Apart from the sunshine, there is something magical about the waters of the Mediterranean sea.

I swim in the Tyrrhenian Sea, which meets the Mediterranean, touching the coasts of Corsica, Sardinia, Naples, western Italy and out part of northern Sicily. It is a well ferried ancient sea that gets its name from an equally ancient race, the Etruscans, who immigrated from Greece all along the coast of Tuscany. 

The Tyrrhenian is a glorious body of water to bathe in calm, clear, and I suspect with an elevated salt level, as floating on it comes as quickly as taking a breath, even for small panicky children who seem to be easily calmed by its gentle waves. I realise the meditative quality of drifting upon the waters of this tranquil sea, as I always look forward to letting it gently hold me, skimming me atop the waves.

The difference always strikes me even in the sea from the ocean of Australia. Here the waters are warm, calm and shallow. The colour, too, is a contrast to what I’m used to. It starts off a very pale blue and becomes dark aquamarine as it gets deeper, a colour that gives it a sinister quality. I’m used to clear blue water and the constant battering of intense waves of the open ocean. 
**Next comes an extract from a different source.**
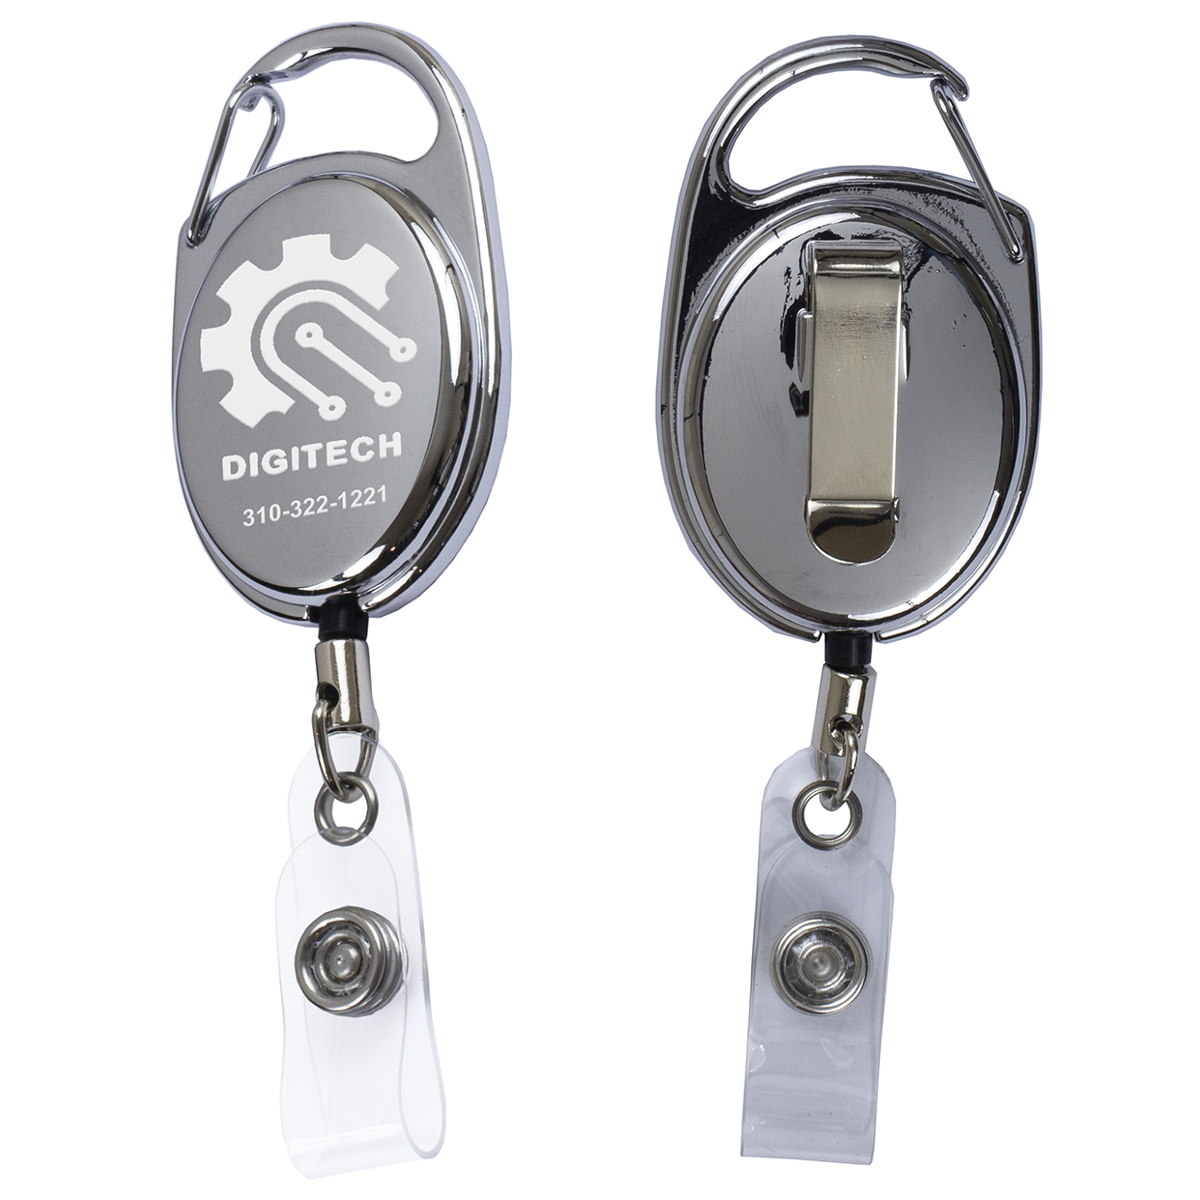 "PATASKALA" 30" Cord Shiny Chrome Finish Solid Metal Retractable Badge Reel and Badge Holder with Laser Imprint (Patent D539,122)

The contrast in the landscape is always so striking for me. Driving along any Australian coast, it is always so rugged, rocky and rough. Those who have a home near the Australian beach have to paint their homes every few years because of the salt damage. In contrast, the land near the sea is filled with so much salt that it can never be cultivated.

Instead, the coast along the Tyrrhenian coast is filled with bustling cities and towns. The mountains effortlessly taper down in the more abandoned areas before often reaching a slight stretch of abandoned orchards that gradually meet the tame, almost kind grey stone shoreline.

Here in Sicily, you can have a home by the sea, walk along the beach, then pick lemons from the trees and in the summer gather lettuce in your vegetable garden for lunch, all a few hundred meters from the seaside. The only problems the Sicilian coastline has to contend with are the usual concerns with overpopulation in pollution, litter and erosion of the beaches.

I look forward to floating in the water to letting the motion of the gentle waves take away the building tension of my body, closing my eyes; the splashing sound fills my head, and I breathe in the salty breath of these summer days.

In a certain sense, I am already there.